Coalesce parameters for enp2s0:
Adaptive RX: n/a  TX: n/a
stats-block-usecs: n/a
sample-interval: n/a
pkt-rate-low: n/a
pkt-rate-high: n/a

rx-usecs: 103
rx-frames: 4
rx-usecs-irq: n/a
rx-frames-irq: n/a

tx-usecs: 103
tx-frames: 4
tx-usecs-irq: n/a
tx-frames-irq: n/a

rx-usecs-low: n/a
rx-frame-low: n/a
tx-usecs-low: n/a
tx-frame-low: n/a

rx-usecs-high: n/a
rx-frame-high: n/a
tx-usecs-high: n/a
tx-frame-high: n/a

[    2.191101] r8169 0000:02:00.0: can't disable ASPM; OS doesn't have ASPM control
[    2.192395] libphy: r8169: probed
[    2.192714] r8169 0000:02:00.0 eth0: RTL8168f/8111f, 08:62:66:2c:b6:1f, XID 480, IRQ 52
[    2.192716] r8169 0000:02:00.0 eth0: jumbo features [frames: 9194 bytes, tx checksumming: ko]
[    5.263531] r8169 0000:02:00.0 enp2s0: renamed from eth0
[   15.398044] RTL8211E Gigabit Ethernet r8169-200:00: attached PHY driver [RTL8211E Gigabit Ethernet] (mii_bus:phy_addr=r8169-200:00, irq=IGNORE)
[   15.613734] r8169 0000:02:00.0 enp2s0: Link is Down
[   29.925768] r8169 0000:02:00.0 enp2s0: Link is Up - 100Mbps/Full - flow control rx/tx
Comment 56 Heiner Kallweit 2020-10-08 06:09:23 UTC
Link speed is 100Mbps only, didn't you have 1Gbps before?
Did you ever try with different cable and switch brand?
Comment 57 anonymous 2020-10-09 00:03:03 UTC
The current ethernet  is going to be limited to 100Mbps until I change the cable behind the wall. I don't know how to do that, yet.
Comment 58 anonymous 2020-10-09 00:03:22 UTC
The current ethernet -> The current ethernet wall socket
Comment 59 anonymous 2020-10-12 07:58:32 UTC
r8169 doesn't work well on 5.8.14
Comment 60 Heiner Kallweit 2020-10-12 08:24:17 UTC
Maybe it's a board-specific issue. Best test r8168 vendor driver and if it works go with this one.
Comment 61 anonymous 2020-10-12 22:27:16 UTC
Do you know any ethernet adaptor manufacturer that releases specifications?
Comment 62 Heiner Kallweit 2020-10-13 05:47:58 UTC
Most likely on consumer PCIe network cards, apart from Realtek, you will get only Intel chips. Not sure whether they release specs (at least under NDA), but they actively maintain their in-kernel drivers.
Comment 63 anonymous 2020-10-13 07:41:39 UTC
I also have an intel PCIe ethernet adaptor, but I haven't seen intel ethernet adaptors in motherboards.
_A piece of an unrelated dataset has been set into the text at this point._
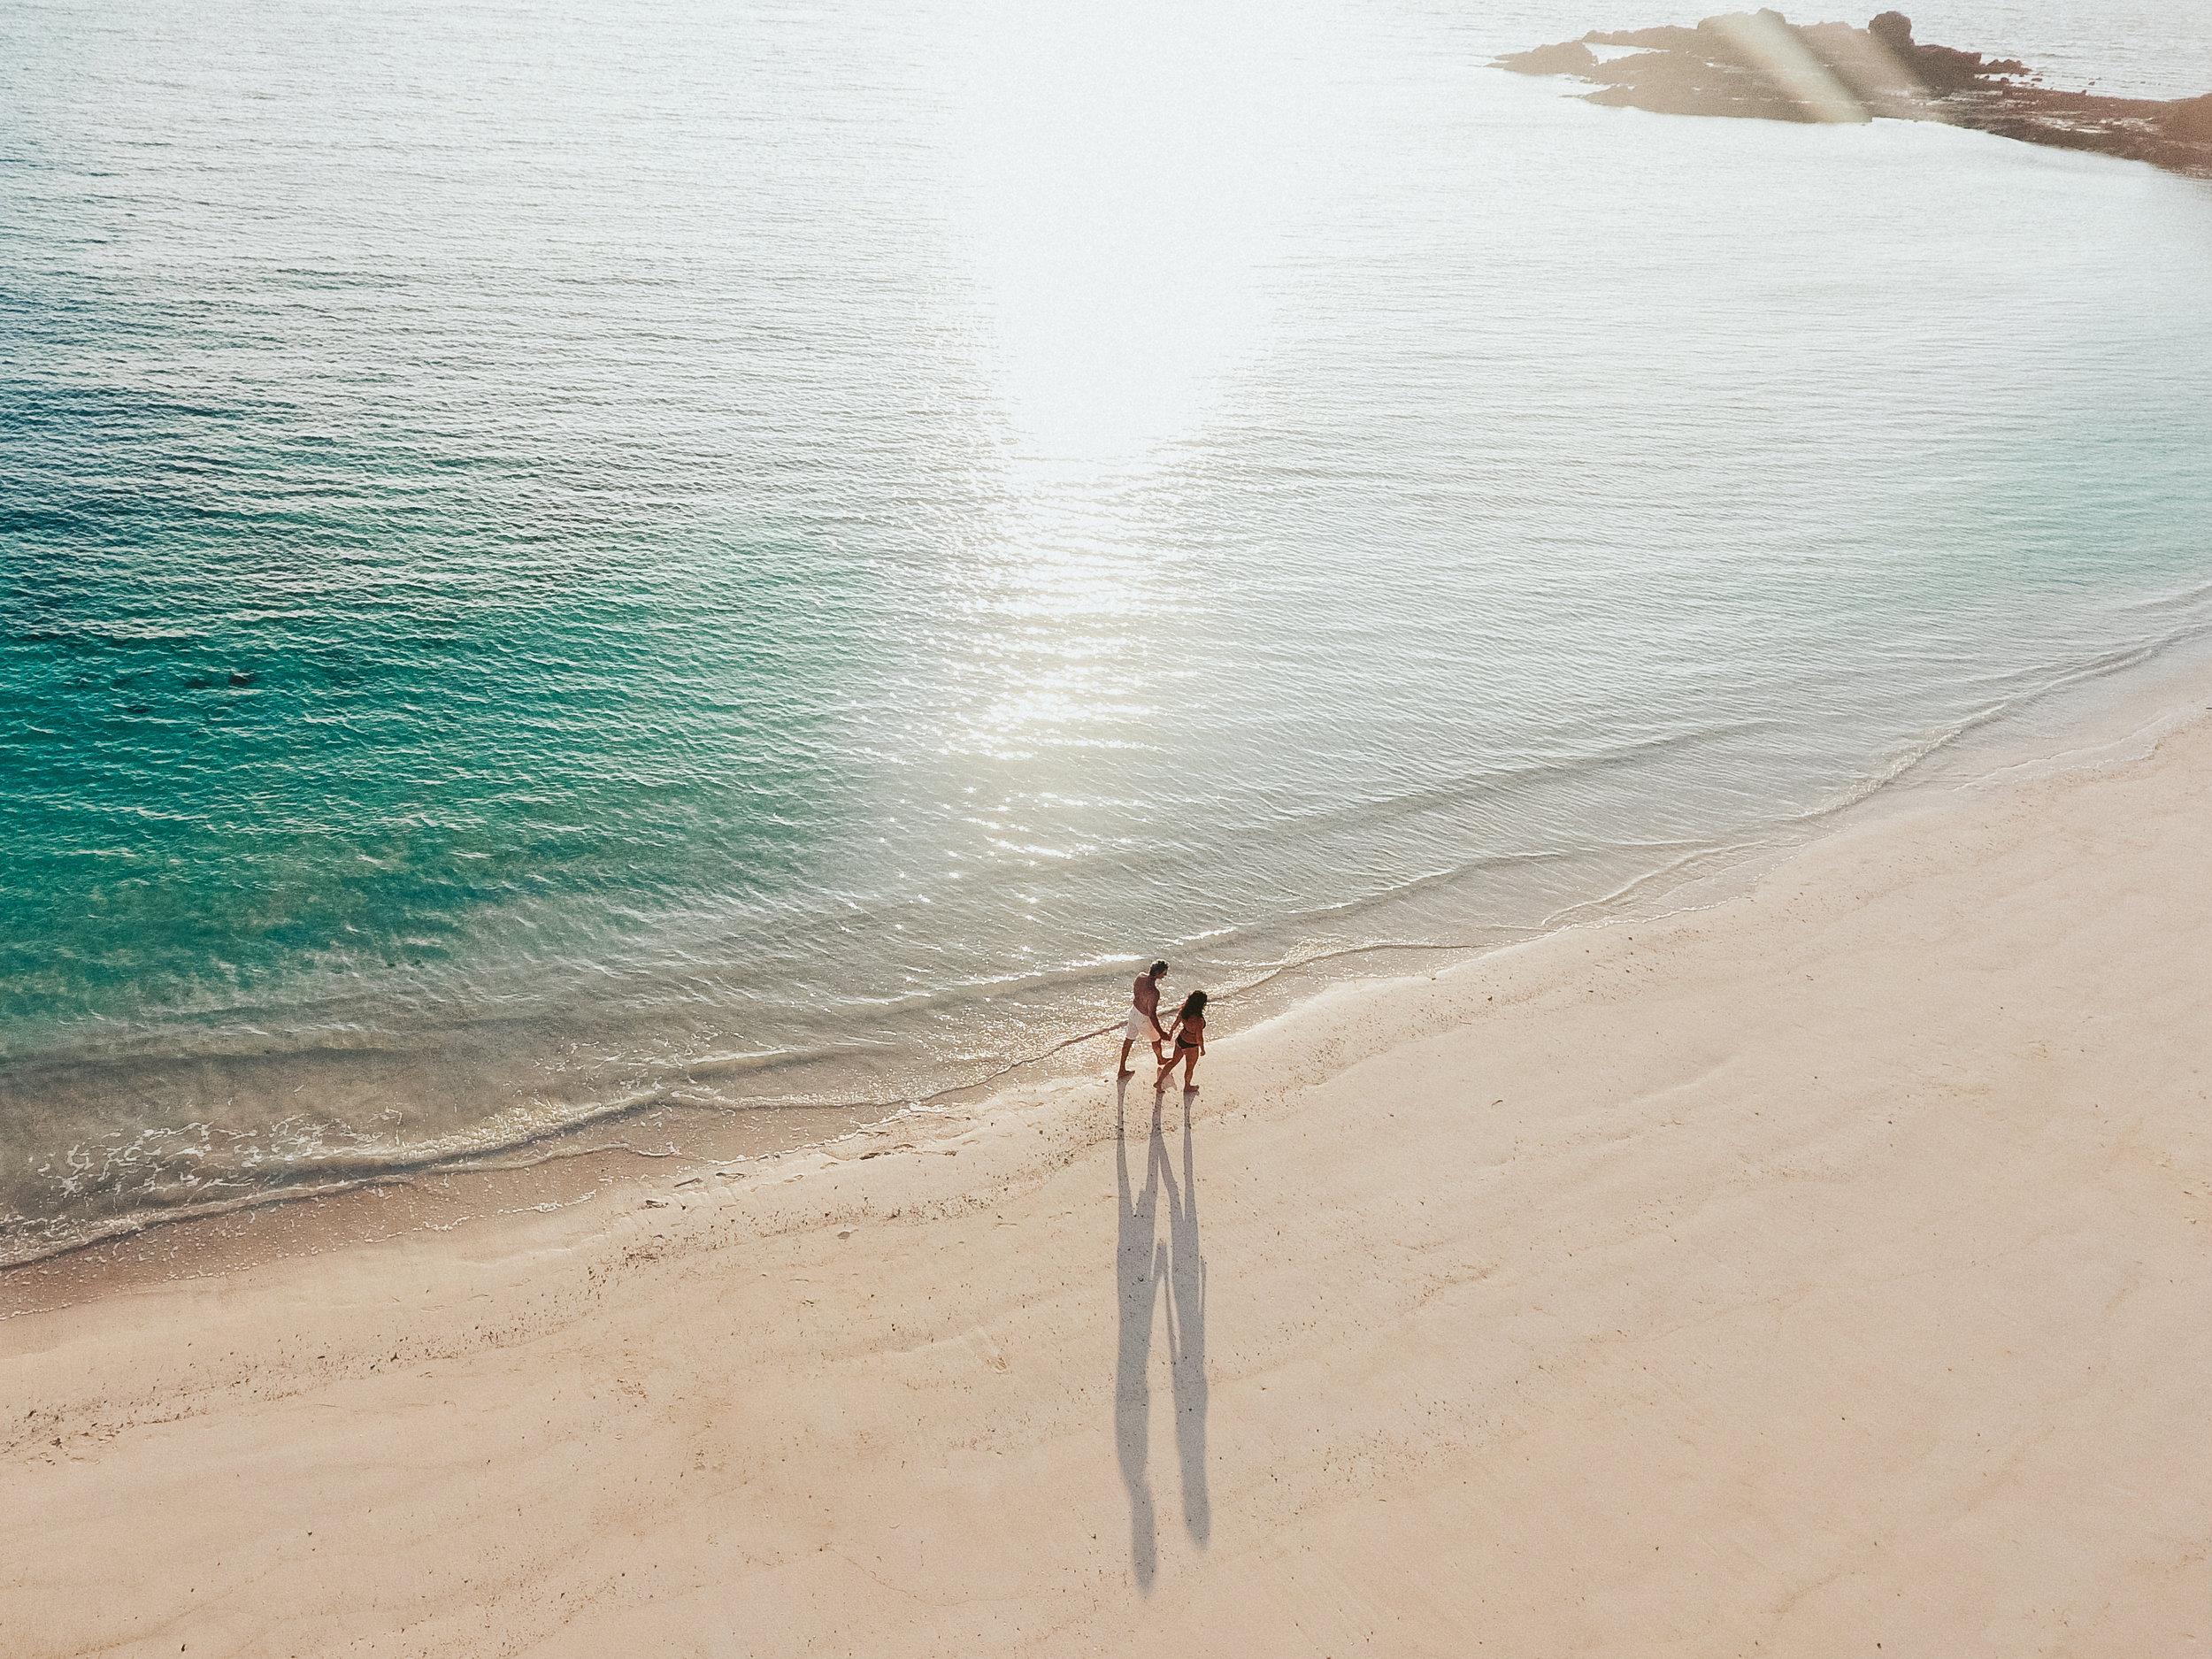 TurtleIsland-private beaches-kamacatchme-fijiphotography-607.jpg
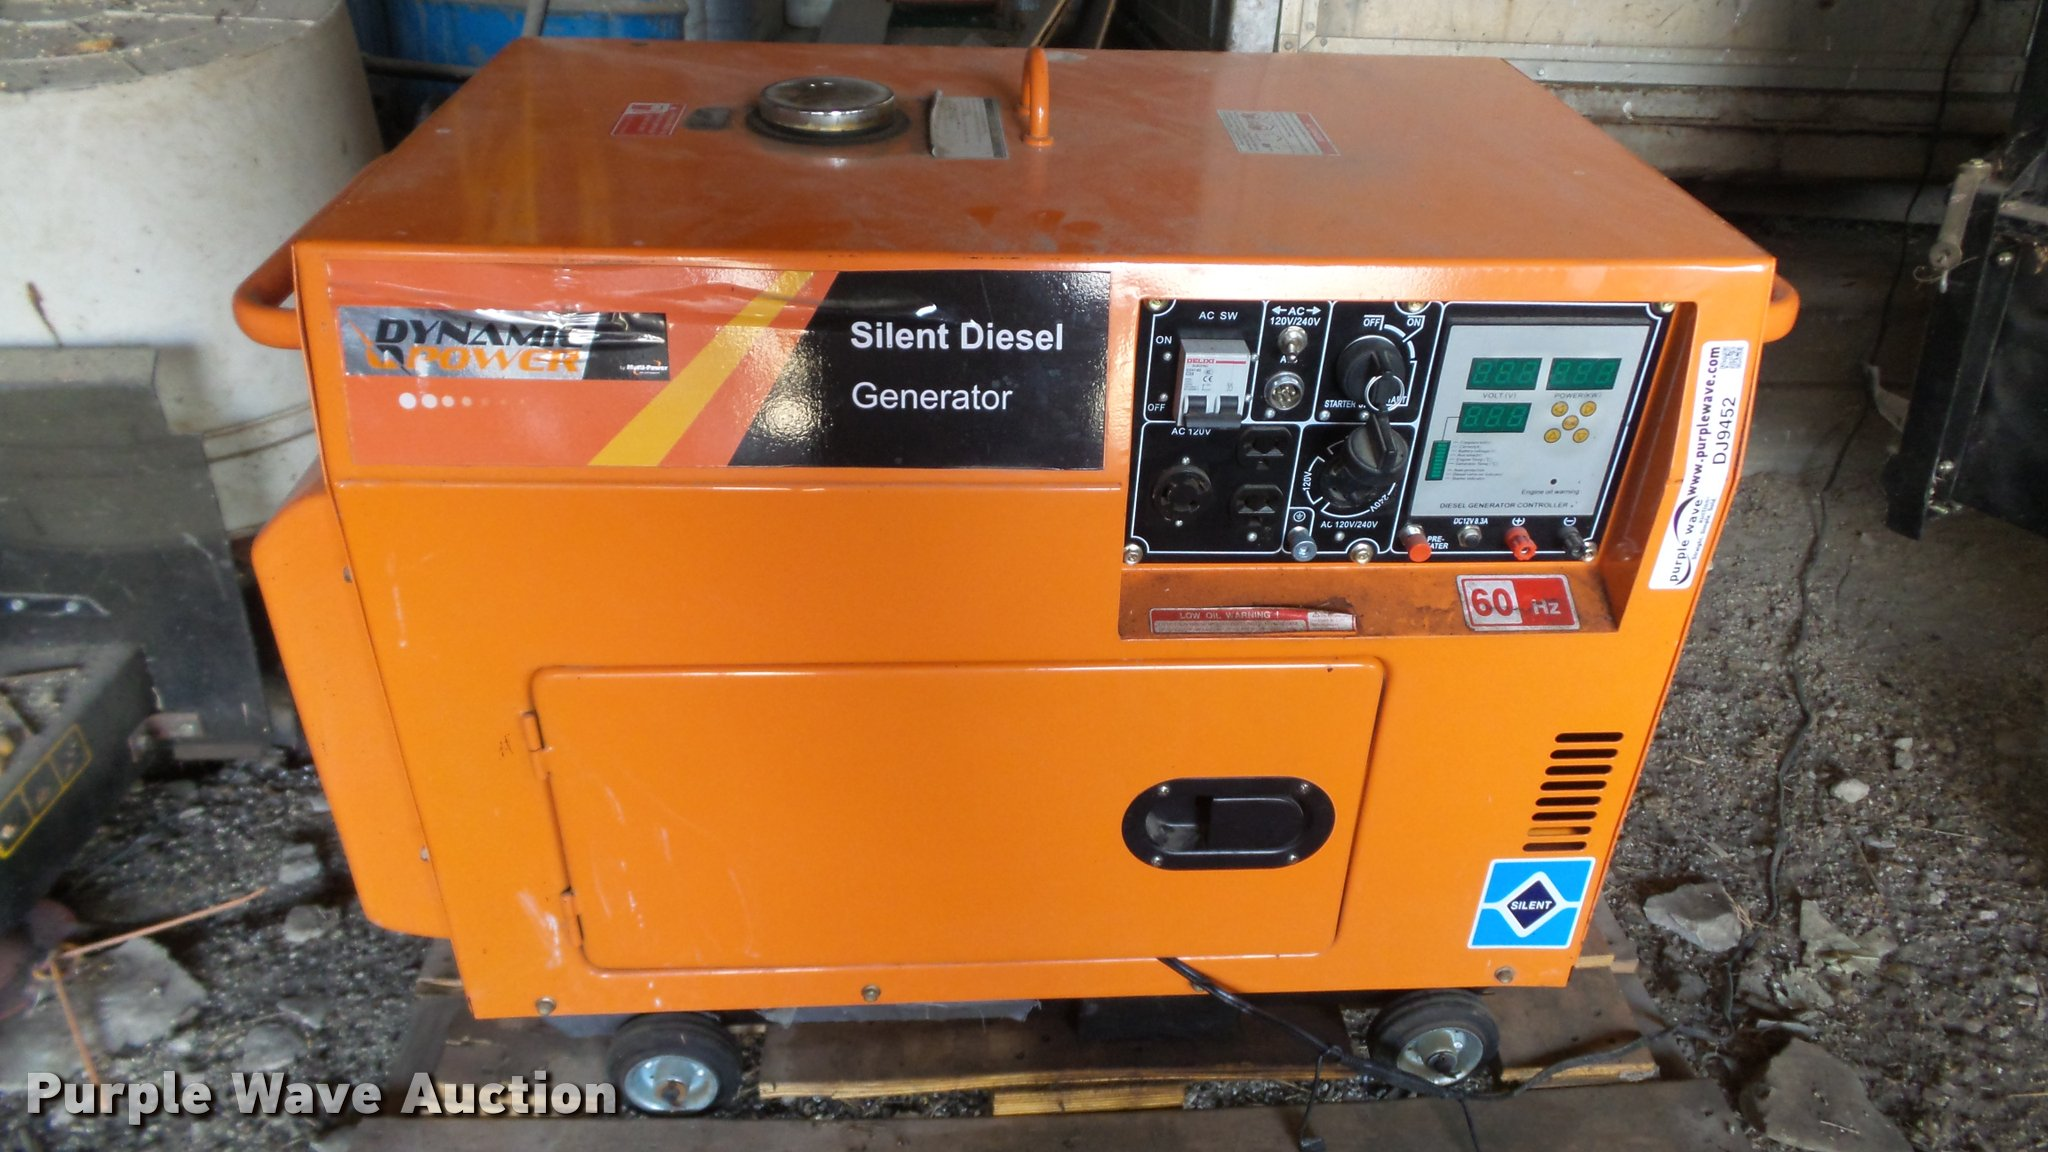 Dynamic Power Silent sel generator Item DJ9452

I will test r8168 and come back.
Comment 64 anonymous 2020-10-18 10:57:51 UTC
I tested r8168 for 2 days. It works without an issue. But, `ethtool --show-coalesce` is not supported by r8168.
Comment 65 Heiner Kallweit 2020-10-18 11:34:45 UTC
Good to hear that r8168 works for you. And right, r8168 sets fixed coalesce settings (RTL_W16(tp, IntrMitigate, 0x5f51)). This translates to:

tx-frames: 60
tx-usecs: 200 (100 at 100Mbps)
rx-frames: 4
rx-usesc: 200 (100 at 100Mbps)
Comment 66 jssblngr 2020-10-28 16:48:15 UTC
I'm experiencing a related issue involving the r8169 driver.

I've no network issues with kernel 5.3.7.  However, testing it with any more recent kernels causes connection issues.

The network comes up fine if rebooting from windows into linux when windows has an active ethernet connection.  However, upon rebooting linux, the driver fails to load correctly.

I'm an intermediate user at best, but please let me know if I can somehow help in isolating this issue.

The only way I've been able to 'fix' the issue is by installing the 8168 driver, blacklisting the 8169, AND switching Network Manager for wicked.
Comment 67 jssblngr 2020-10-28 16:49:14 UTC
Also, my hardware is a Gigabyte AB350M-DS3H motherboard w/ the onboard Realtek adapter.
Comment 68 Heiner Kallweit 2020-10-28 17:46:30 UTC
(In reply to jssblngr from comment #66)
> I'm experiencing a related issue involving the r8169 driver.
> 
> I've no network issues with kernel 5.3.7.  However, testing it with any more
> recent kernels causes connection issues.
> 
What is the exact issue? Link loss? Tx timeout? Dropped packets? ..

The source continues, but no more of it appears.